Scientists Suspect Genetic Underpinnings to Human Monogamy

A groundbreaking study from a Harvard University team suggests that monogamy may be genetically programmed within some mammals.

Cute couple has their love lock on a bridge.
Cute couple. Getty Images.

Evolutionary anthropology has for some time tried to understand what natural relationship pattern humans follow, if there is one. In his book Sex at Dawn psychologist Christopher Ryan posits that our prehistoric ancestors practiced multiple kinds of sexual and romantic relationships.


Monogamy became a social institution and one that made sense. Polygamy was the most common practice in the ancient world, but it made women a commodity. Rich men could keep multiple wives for themselves, whole harems, which caused a lot of strife among others, fighting over those who were left. Monogamy however, eliminated this problem and helped seed societal stability.

Even so, multiple societies around the world still practice different forms of pair bonding other than monogamy. Even the most strident monogamist will admit that marriage can prove difficult. There’s things like the four year slump and the seven year itch. Some evolutionary biologists have explained these as a cessation of the pair bonding process.

When we were hunter-gatherers, we traveled in tight-knit bands. Children were raised not only by their parents but by the whole village itself. When the child was old enough to be a little more independent, the parents were free to go off and explore other relationships.

According to renowned anthropologist and love expert Dr. Helen Fisher, there are actually four different, unique personality types when it comes to human love. Each is driven by a preponderance of a certain neurochemical or hormone in the person’s system. And some are better suited for monogamy than others.

In this case, nature may have made some people naturally polyamorous and others monogamous, to ensure stability for raising children, while at other times, ensuring variety within the gene pool and to that end, aiding our survival.

Is there an evolutionary basis for cheating? Getty Images.

Now, a groundbreaking study published in the journal Nature suggests that monogamy may be genetically programmed within us, or at least in mice, to ensure offspring receive proper care. “Parental care is essential for the survival of mammals, yet the mechanisms underlying its evolution remain largely unknown,” the authors write.
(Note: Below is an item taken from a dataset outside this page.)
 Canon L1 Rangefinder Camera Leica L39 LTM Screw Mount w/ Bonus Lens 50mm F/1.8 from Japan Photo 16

Researchers at Harvard University studied two breeds of mice to arrive at this conclusion.  

The first was the oldfield mouse (Peromyscus polionotus), one of those rare monogamous animals. Only 5% of mammals practice monogamy. Both sexes of this breed are known to be doting parents. They will, together, build an elaborate nest for their young and lick or clean them.
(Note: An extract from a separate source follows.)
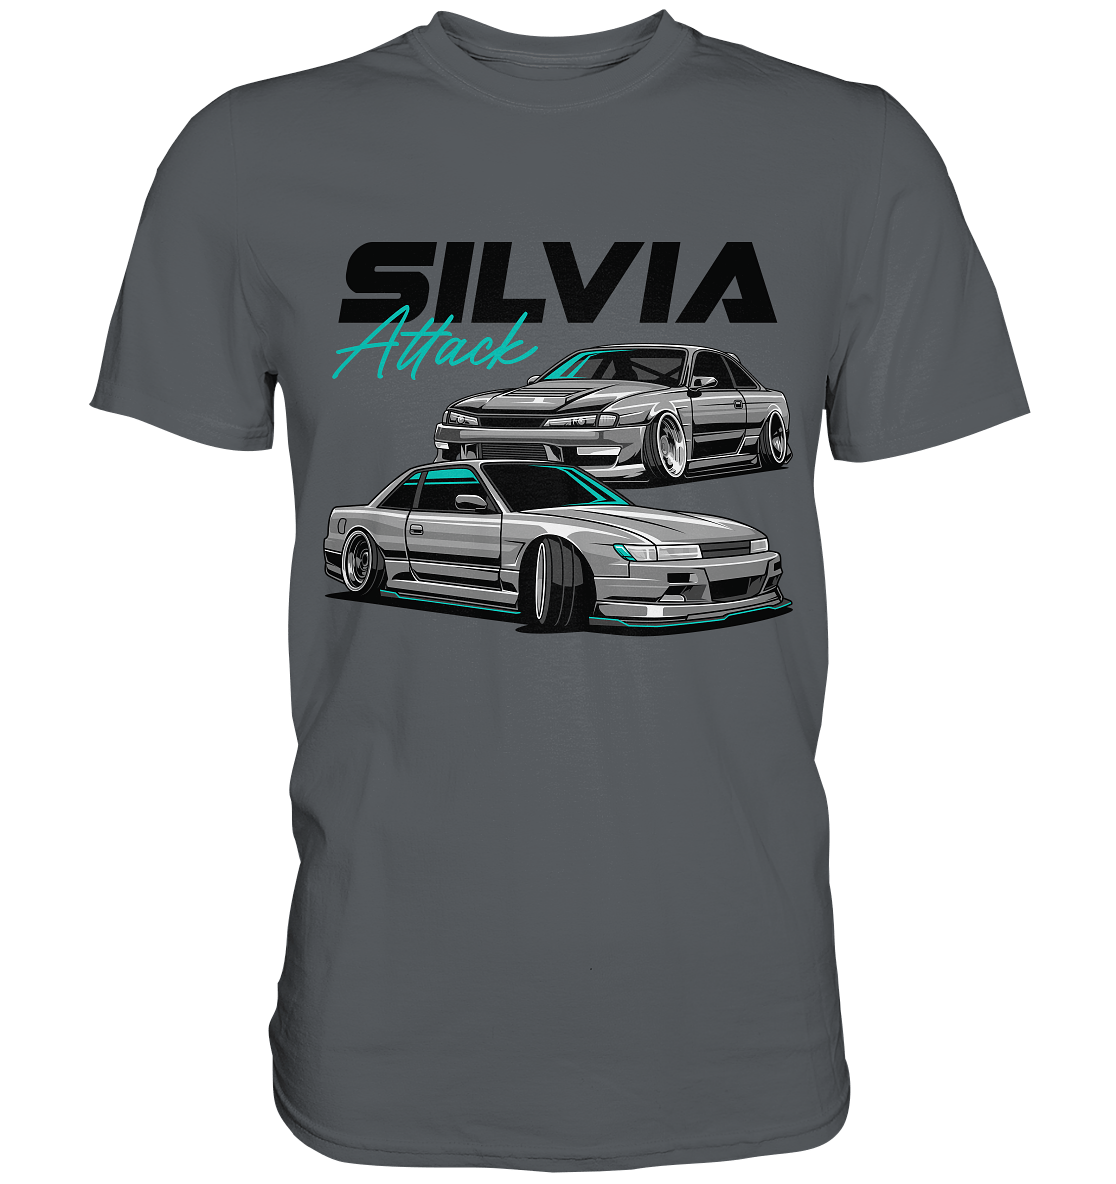 Silvia Attack - Premium Shirt - MotoMerch.de

The second breed was the deer mouse (Peromyscus maniculatus), who are promiscuous by nature, and look upon their oldfield cousins as helicopter parents. In most mammalian relationships, males mate with as many females as possible, but do little to help raise the offspring. What researchers discovered, by looking at these two mouse breeds, was distinct genetic variations, which coincided with each type’s relationship style.
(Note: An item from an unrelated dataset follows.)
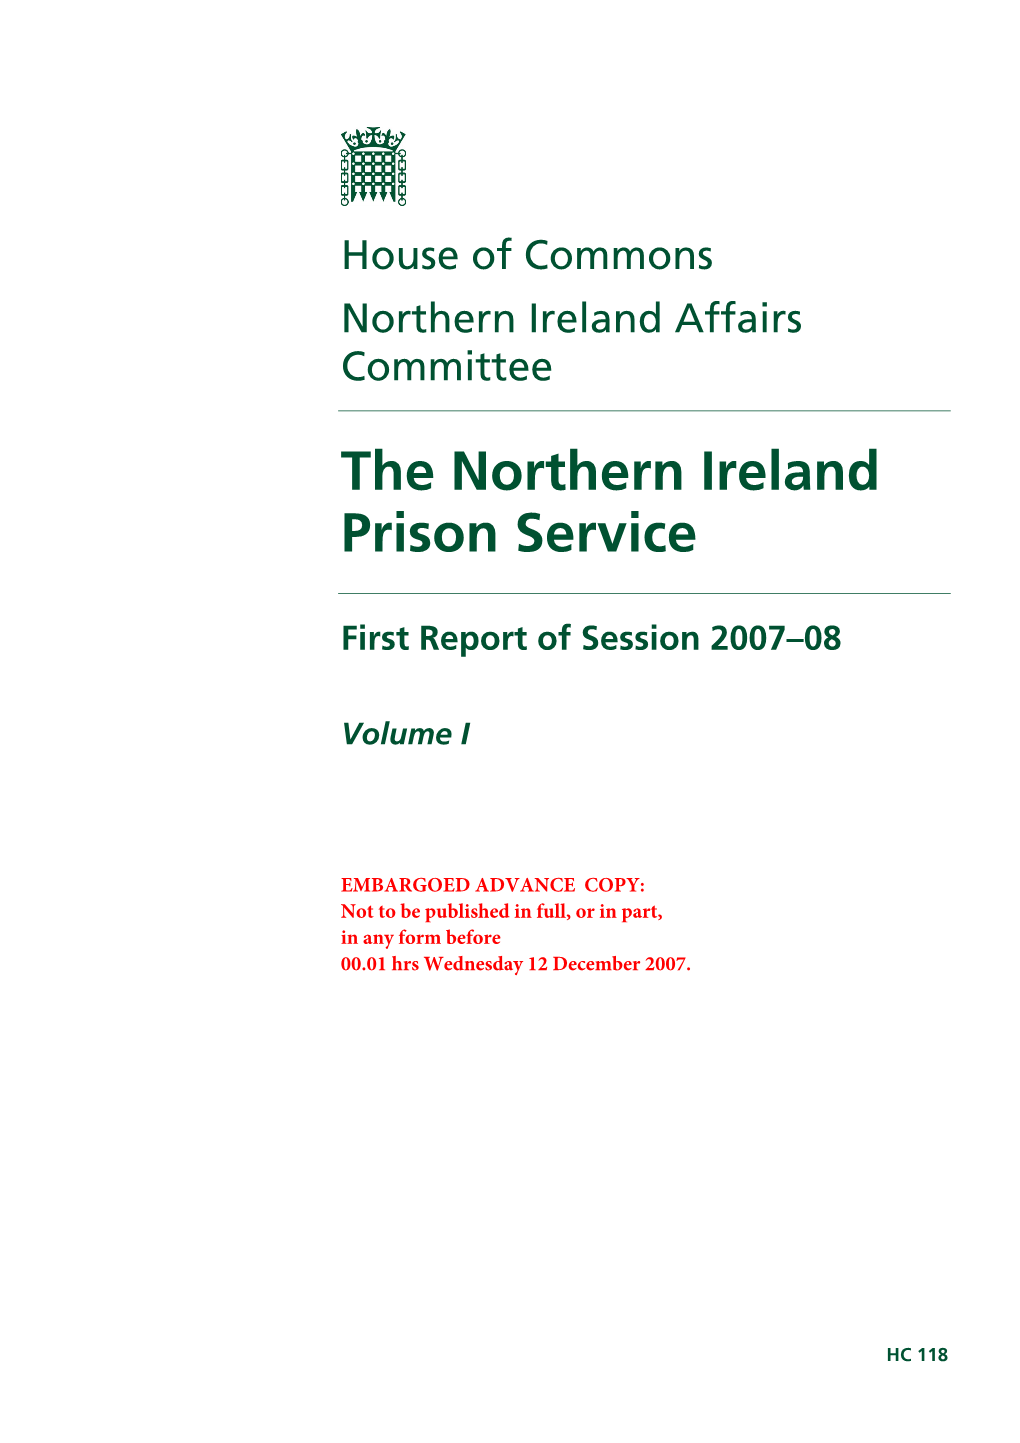 The Northern Ireland Prison Service

Hopi E. Hoekstra was the senior author of the study. She’s an evolutionary biologist. Though oldfield and deer mice won’t mate in the wild, if a male and female are put into the same tank alone together, they will. The resulting offspring are healthy. It was a variety of such hybrids that led them to understand whether or not parenting and relationship styles are genetically influenced.

Is monogamy in our nature, polyamory, or a combination? Getty Images. 

In a previous study, Hoekstra and her team took the pups of each type of mouse and placed them in each other’s nest. Researchers wanted to know if the mice acted this way because they were raised to tend to pups, or if each breed of mouse had an instinctual parenting style. The latter proved true. Once this was found, researchers went about investigating each type’s DNA.

They bred five mice, who created 30 hybrid offspring. These were bred and another 769 hybrid mice were born. Researchers looked at the second and third generations, to see what type of parenting each took up. Some put in minimal effort, others were completely aloof, and others still attentive parents. This wide variety of styles allowed researchers to hone into the mice’s DNA and find the differences. They came upon 12 areas or loci which were associated with parental instincts.

Researchers found that one loci controlled just one behavior, nest building, while others controlled more than one. These loci varied in terms of sex. One loci when activated, seemed to make fathers more attentive, but not mothers. Unfortunately, each loci carries many genes, so it’s hard to hunt down which is responsible for what behavior.

In their most recent study, these Harvard researchers looked at one biochemical in particular, vasopressin. This is a bonding neurotransmitter in many species, including rats and humans. Deer mice contain three times the amounts as oldfield mice, however. To find out what role it played, researchers injected oldfield mice with it. Instead of elaborate nests, they acted more like deer mice, and made simple ones. Yet, in terms of care, they were still doting parents.

Studies show that some may be better suited for monogamy than others. Getty Images.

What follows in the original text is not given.